调试正则的工具: http://grokdebug.herokuapp.com/
注意:add 的field或者tag或者解析时字段的命令一定不能是关键字,如type
解析例子:
input {
beats {
add_field => {"myid"=>"nginx"}
port => 5043
}
beats {
add_field => {"myid"=>"java"}
port =>5044
}
}
filter {
if [myid] == "nginx" {
grok {
match => {
"message" => "^(?<domain>%{IP:ip}|(?:%{NOTSPACE:subsite}\.)?(?<site>[-a-zA-Z0-9]+?).com|%{NOTSPACE:unknown}) %{IPORHOST:dayuip} - (?<user>[a-zA-Z\.\@\-\+_%]+) \[%{HTTPDATE:timestamp}\] \"%{WORD:verb} (?<request_path>(?<biz>\/[^/?]*)%{URIPATH:}?)(?:%{URIPARAM:request_param})?
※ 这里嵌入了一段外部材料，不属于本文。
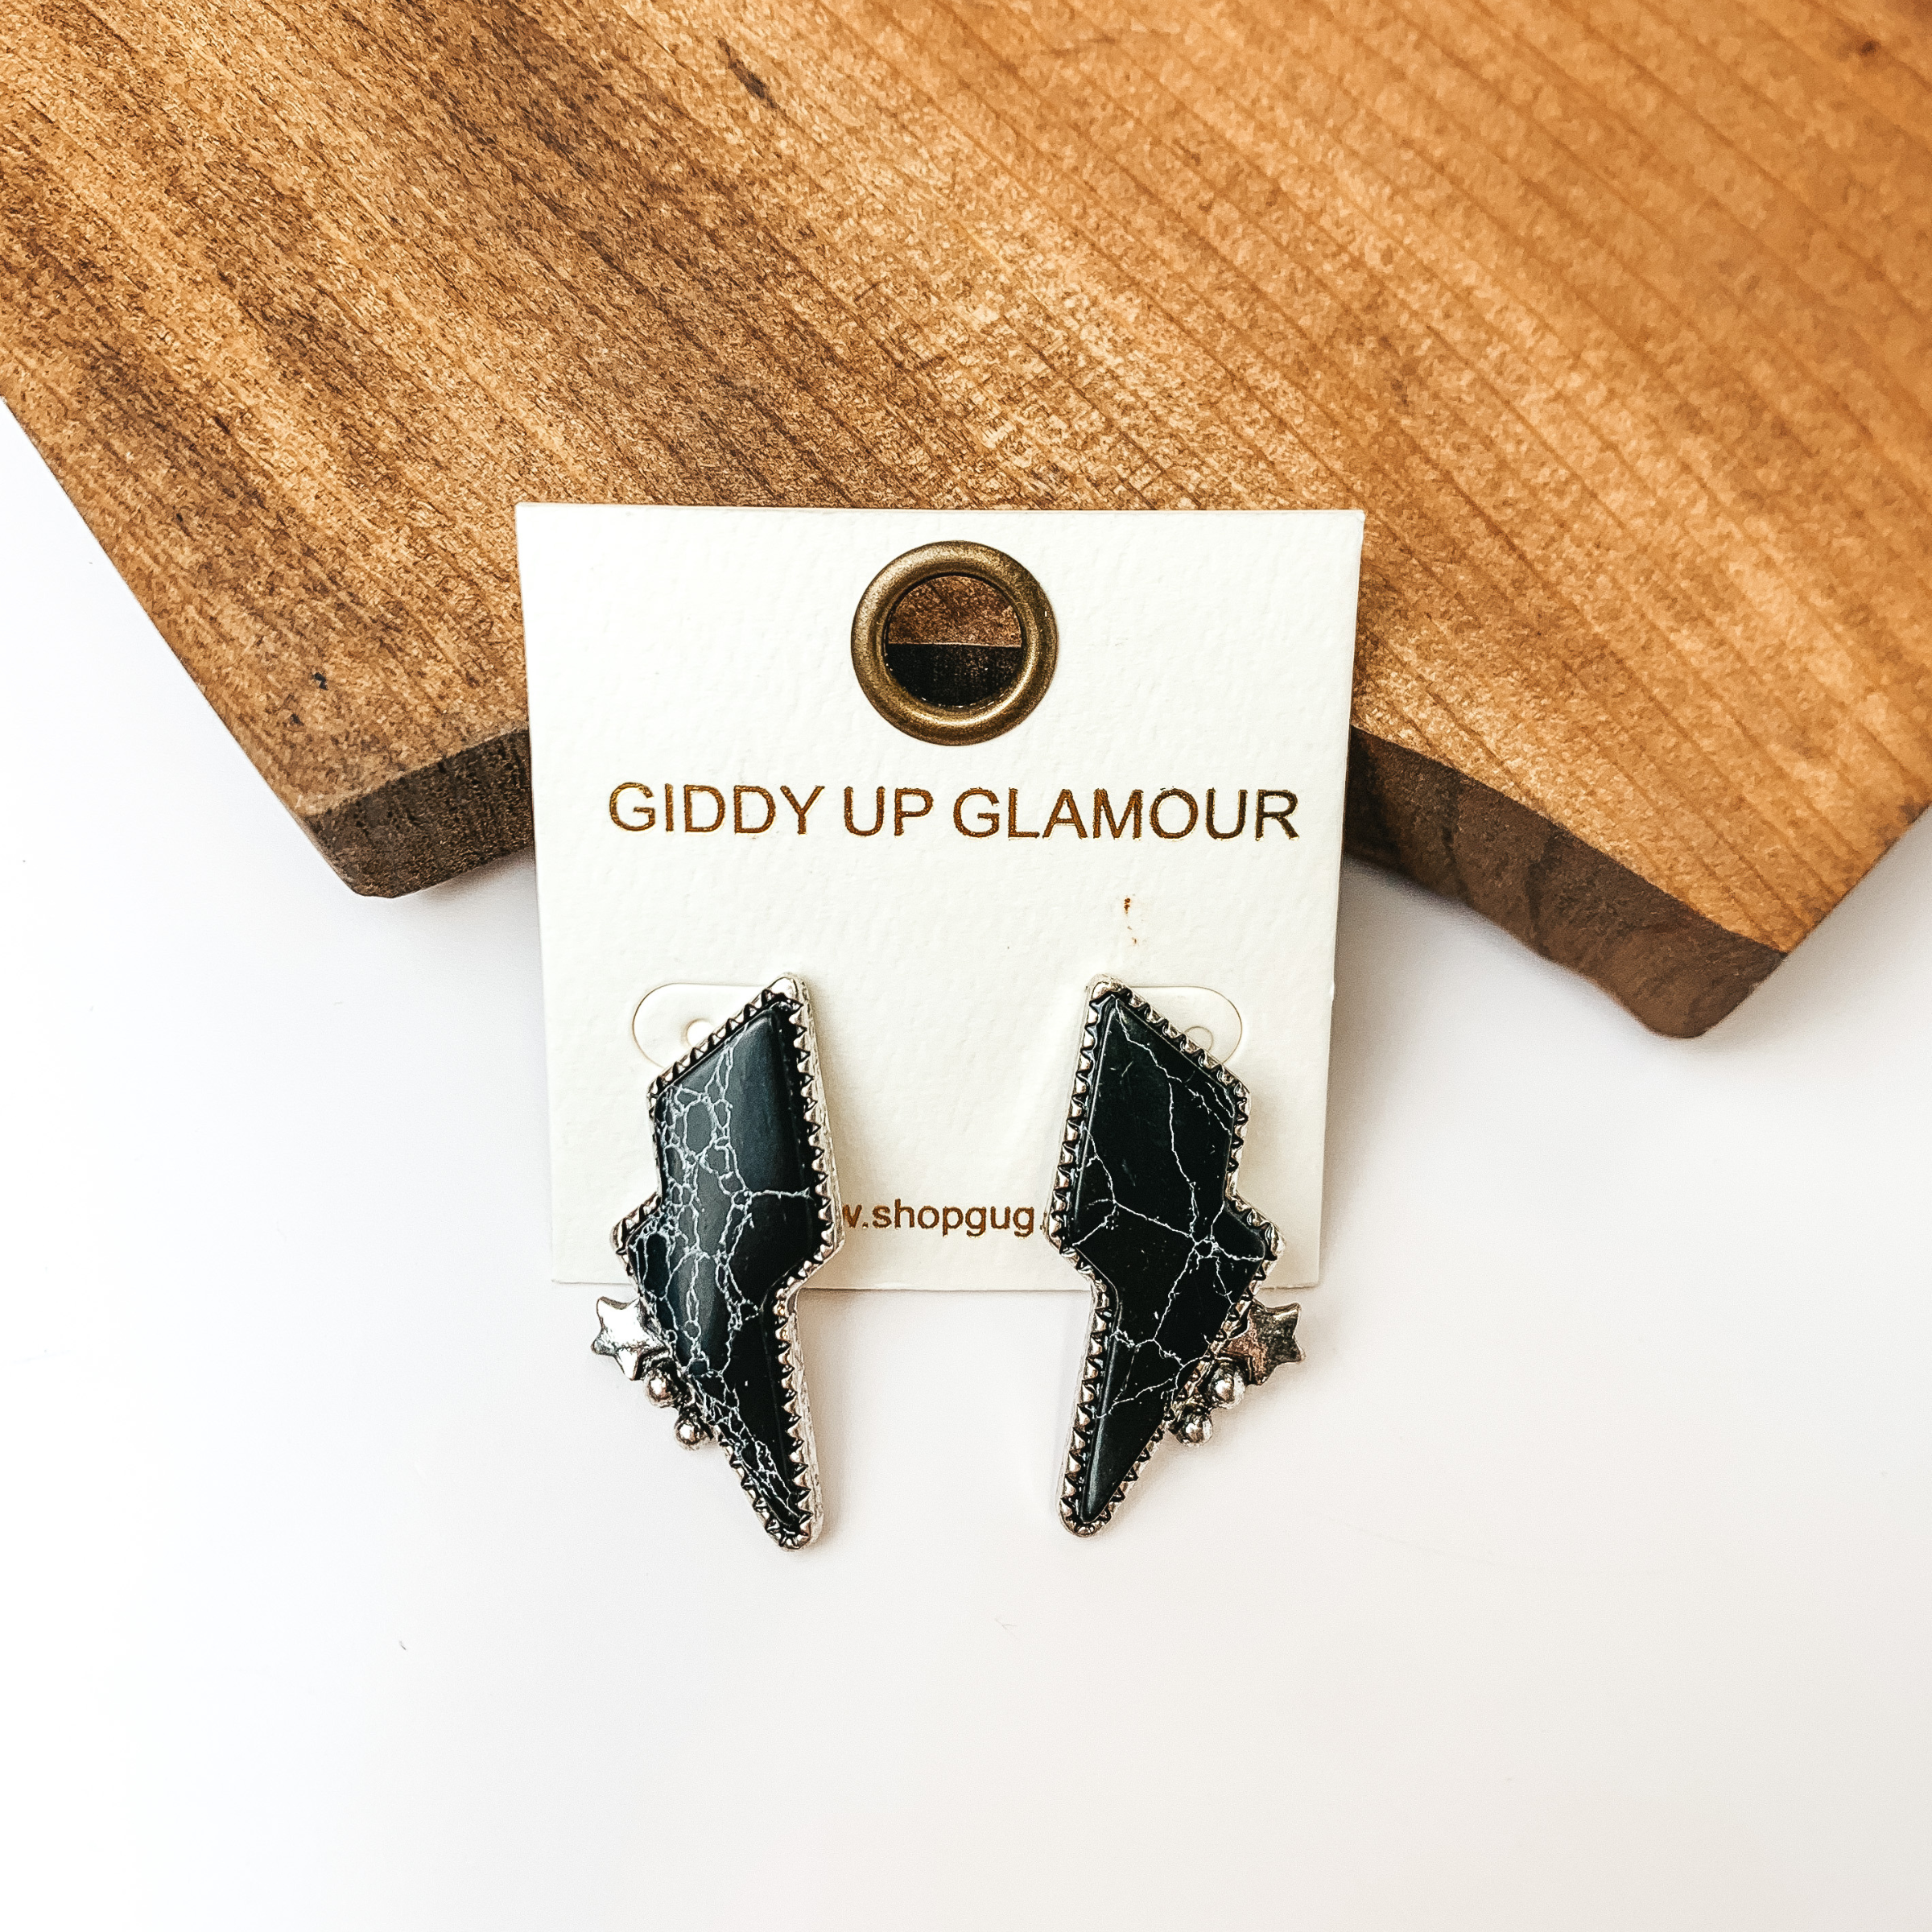 Driving Down Lightning Bolt Stone Post Earrings in Black with Silver Detailing. Pictured on a white background with the earrings against a piece of wood.

HTTP/%{NUMBER:httpversion}\" %{NUMBER:response} (?:%{NUMBER:bytes}|-) (?:%{BASE10NUM:request_duration}|-) (?:\"(?:%{URI:referrer}|-)\"|%{QS:referrer}) %{QS:agent} \"(?:%{IPORHOST:clientip}(?:[^\"]*)|-)\" %{QS:uidgot} %{QS:uidset} \"(?:[^\" ]* )*(?<upstream>[^ \"]*|-)\"$"
}
}
date {
locale => "en"
timezone => "Asia/Shanghai"
match => [ "timestamp", "dd/MMM/yyyy:HH:mm:ss Z" ]
}
mutate {
convert => { "bytes" => "integer" "request_duration" => "float"}
}
}
if [myid] == "java" {
if [source] =~ /.+-phplog.log/ {
grok {
match => {
"message" => "\[entry\]\[ts\](?<ts>.*)\[/ts\]\[lv\](?<lv>.*)\[/lv\]\[th\](?<th>.*)\[/th\]\[lg\](?<lg>.*)\[/lg\]\[cl\](?<cl>.*)\[/cl\]\[m\](?<m>.*)\[/m\]\[ln\](?<ln>.*)\[/ln\]\[bsid\](?<bsid>.*)\[/bsid\]\[esid\](?<esid>.*)\[/esid\]\[txt\](?<txt>.*)\[/txt\]\[proj\](?<proj>.*)\[/proj\]\[iid\](?<iid>.*)\[/iid\]\[file\](?<file>.*)\[/file\]\[ex\](?<ex>.*)\[/ex\]\[type\](?<logtype>.*)\[/type\]\[/entry\]"
}
}
mutate {
#去掉没用的字段
remove_field => ["type","logtype"]
}
} else {
grok {
match => {
"message" => "\[entry\]\[ts\](?<ts>.*)\[/ts\]\[lv\](?<lv>.*)\[/lv\]\[th\](?<th>.*)\[/th\]\[lg\](?<lg>.*)\[/lg\]\[cl\](?<cl>.*)\[/cl\]\[m\](?<m>.*)\[/m\]\[ln\](?<ln>.*)\[/ln\]\[bsid\](?<bsid>.*)\[/bsid\]\[esid\](?<esid>.*)\[/esid\](\[cmid\](?<cmid>.*)\[/cmid\])?\[txt\](?<txt>.*)\[/txt\]\[ex\](?<ex>.*)\[/ex\]\[/entry\]"
}
}
grok {
match => {
"source" => "(?<proj>[^/]+)-(?<iid>\w+)-\w+\.log"
}
}
}
mutate {
rename => {
"source" => "file"
"offset" => "seq"
}
}
mutate {
#去掉没用的字段
remove_field => ["input_type","count","tags","message","@version","beat","fields","offset","source"]
}
date {
match => ["ts",'yyyy-MM-dd$HH:mm:ss.SSS','yyyy-MM-dd$HH:mm:ss.SSSZ']
}
} # endif_javalog
}
output{
if [myid] == "nginx" {
elasticsearch {
hosts => ["192.168.5.201:9200"]
index => "log-nginx-%{+YYYY.MM.dd}"
}
http {
format=>"json"
http_method=>"post"
# # url => "http://192.168.1.68:8990/api/v1/metrics"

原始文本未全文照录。